**EXERCISE GOAL**:
All of the data should be copied exactly, with the pictures left out.

**EXTRACTED MATERIAL**:
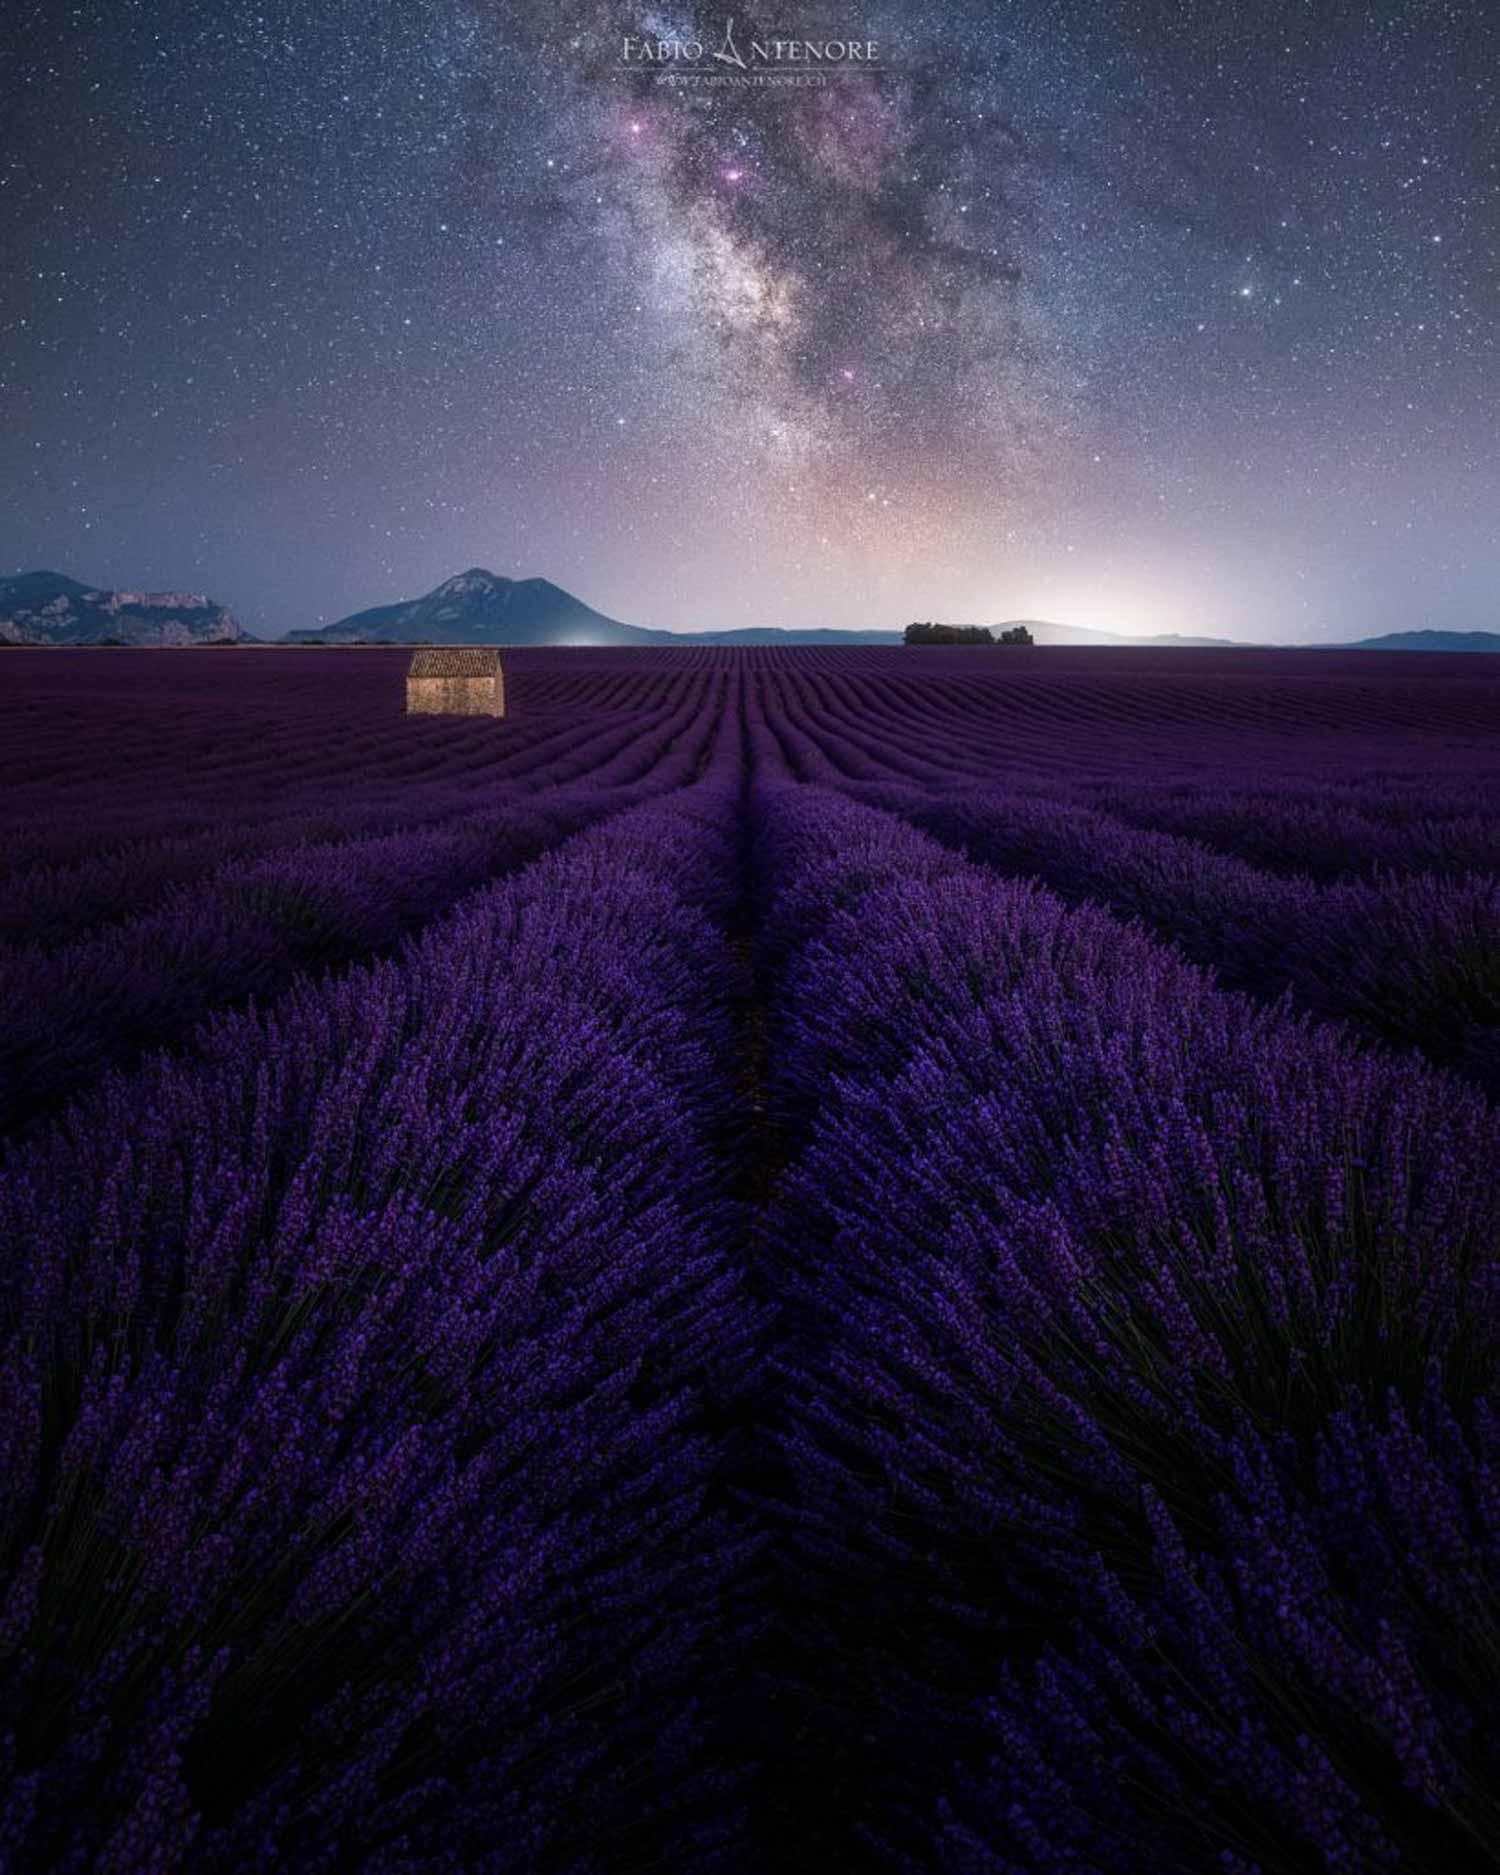 nachtfotografie Fabio Antenore
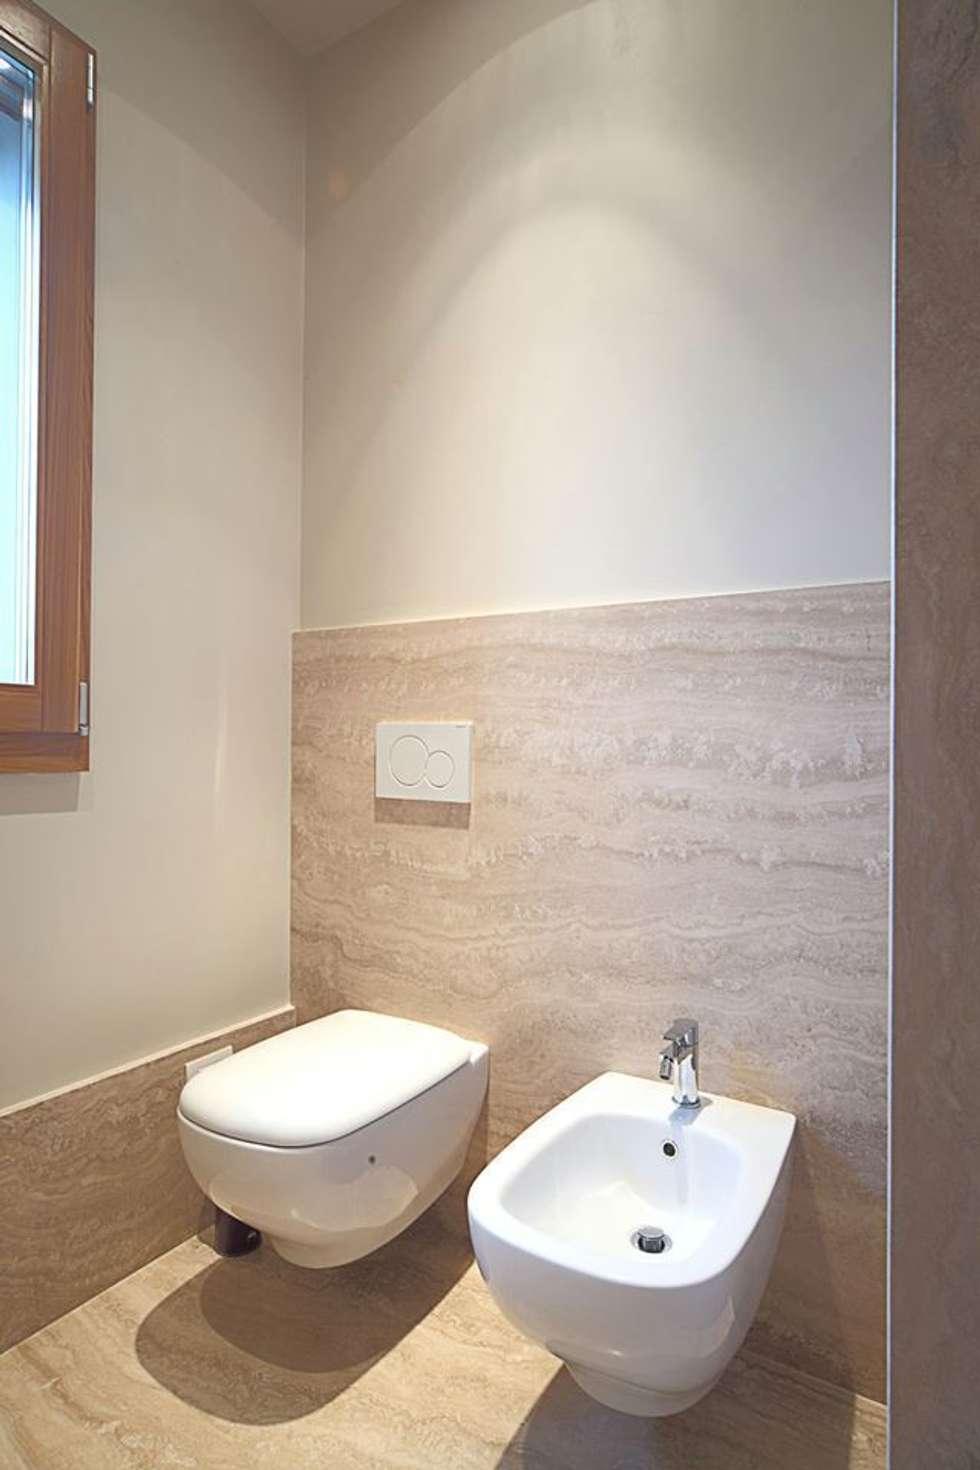 Pavimenti e bagno cheap bagni pavimenti arredamento bagno with pavimenti e bagno cheap - Pavimenti bagno prezzi ...
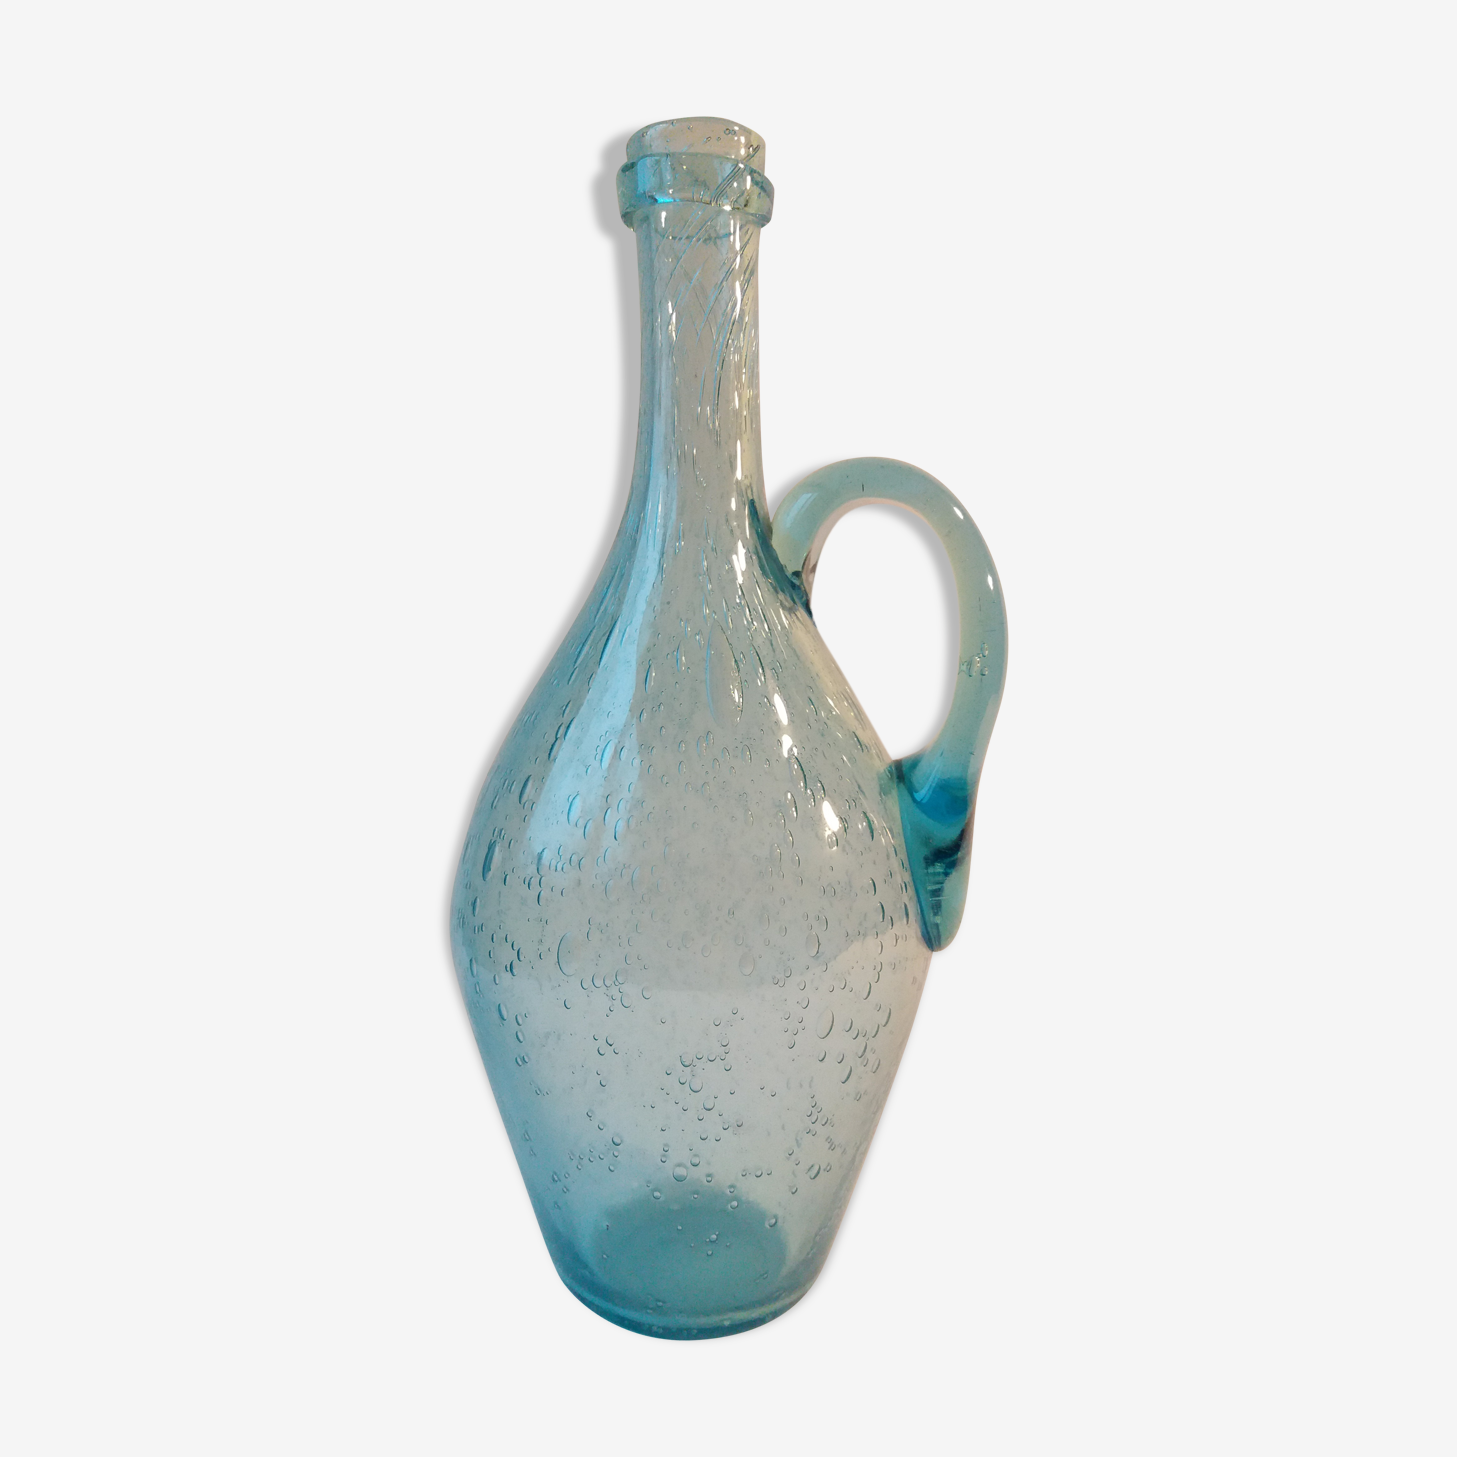 Carafe verre de Biot bleu azur
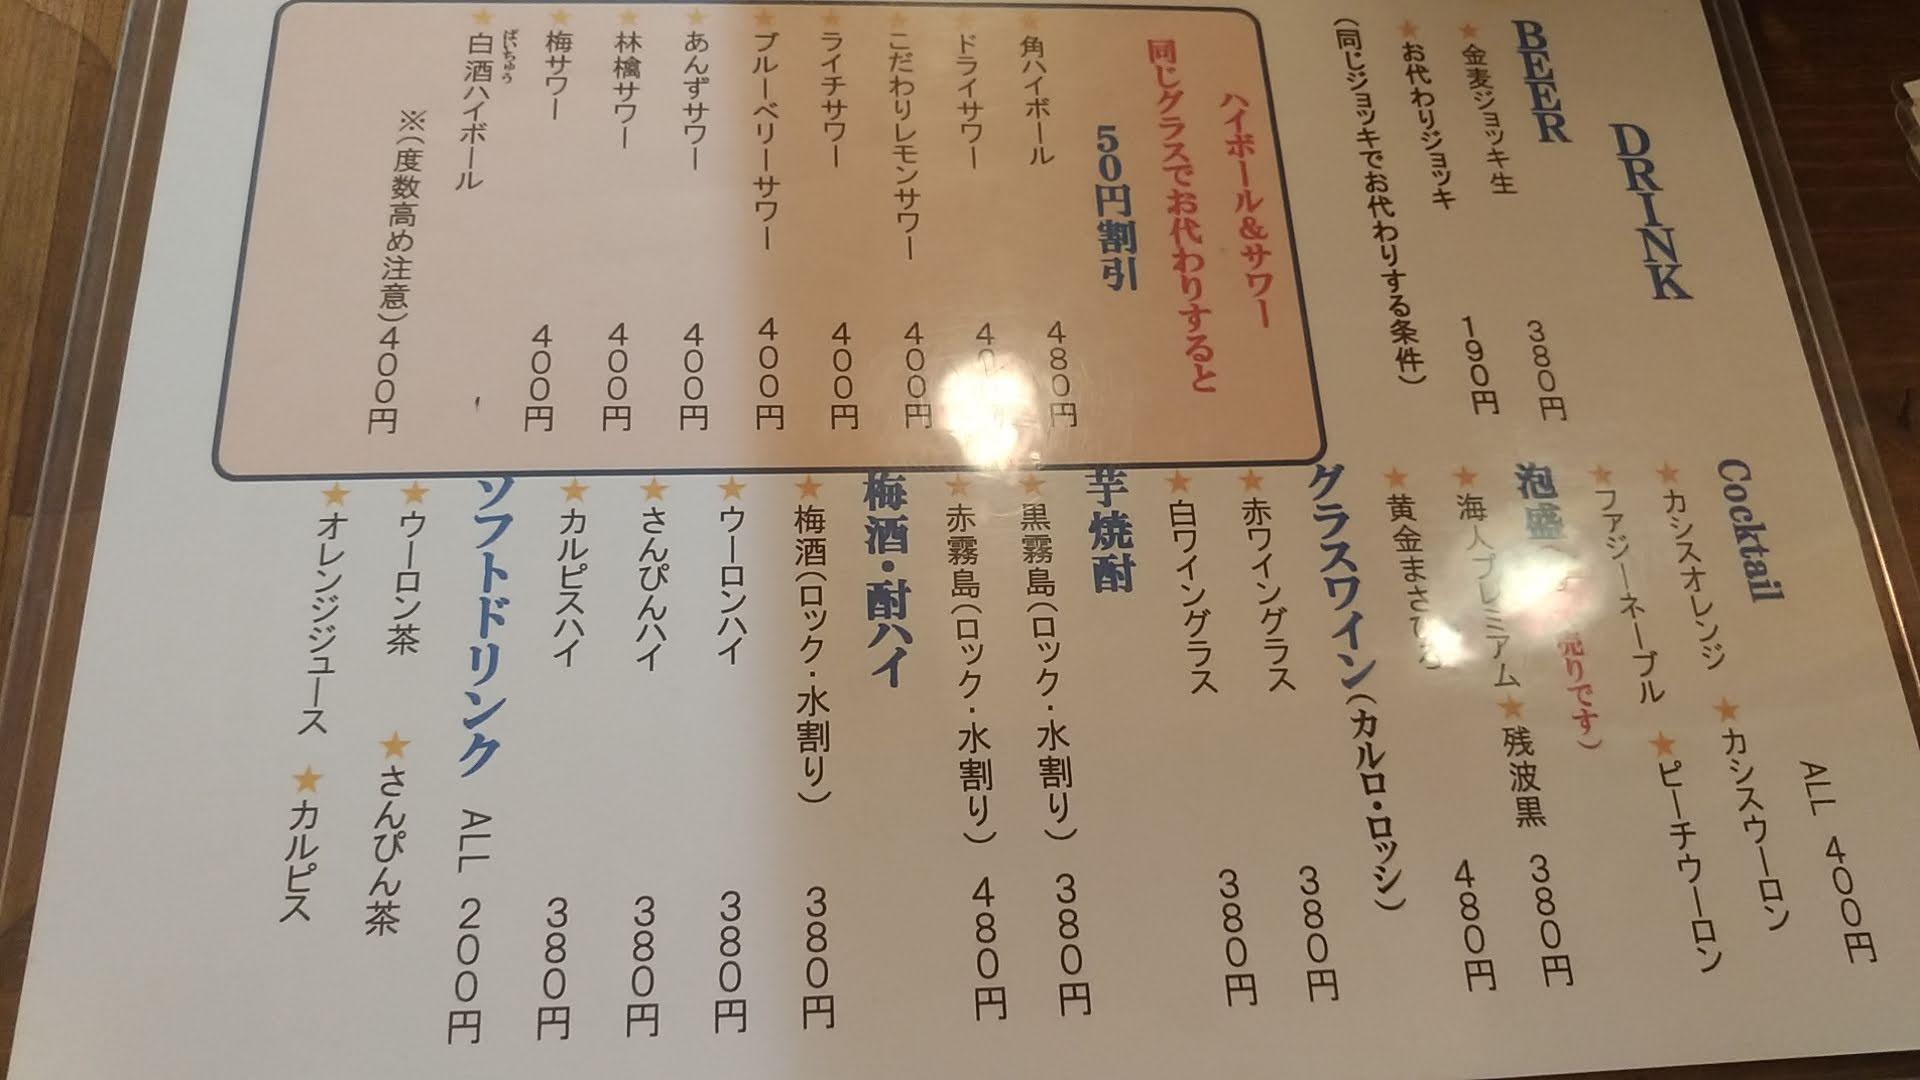 いちまん横丁SHINKAのドリンクメニュー 1
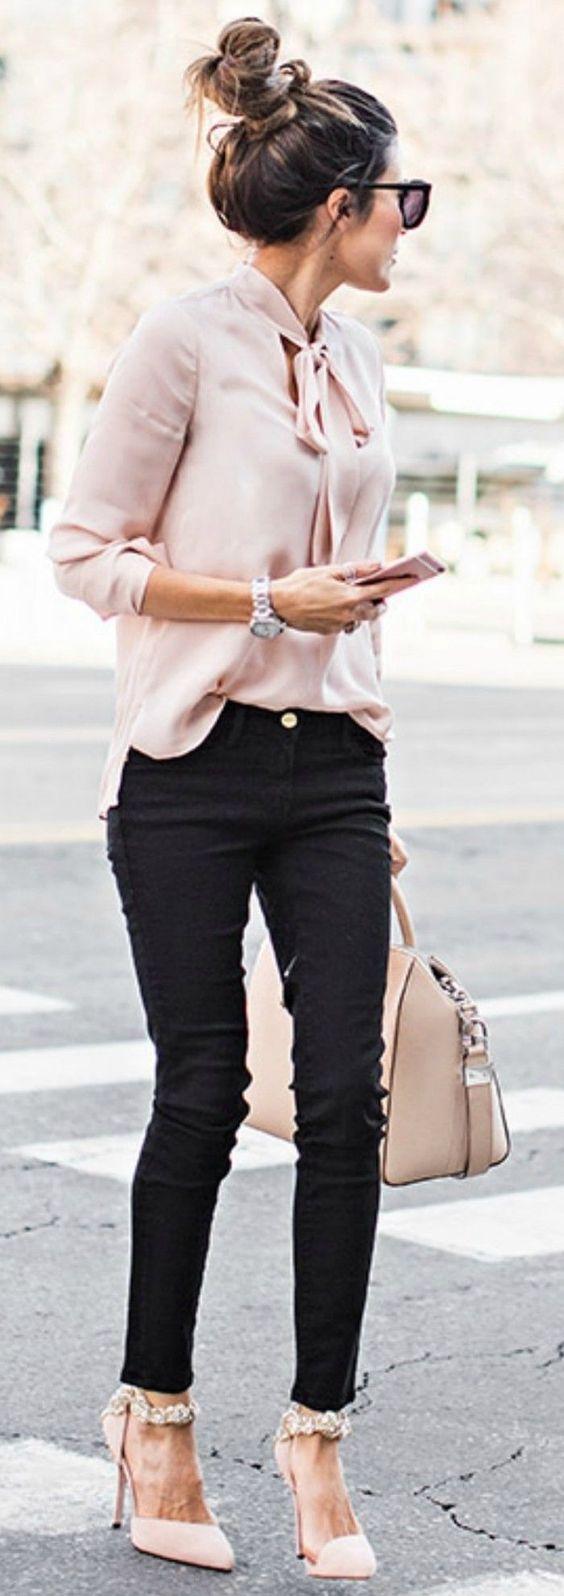 look para oficina mujer joven (5)

**OUTPUT**:
 nachtfotografie Fabio Antenore
 Pavimenti e bagno cheap bagni pavimenti arredamento bagno with pavimenti e bagno cheap - Pavimenti bagno prezzi ...
 Carafe verre de Biot bleu azur
 いちまん横丁SHINKAのドリンクメニュー 1
 look para oficina mujer joven (5)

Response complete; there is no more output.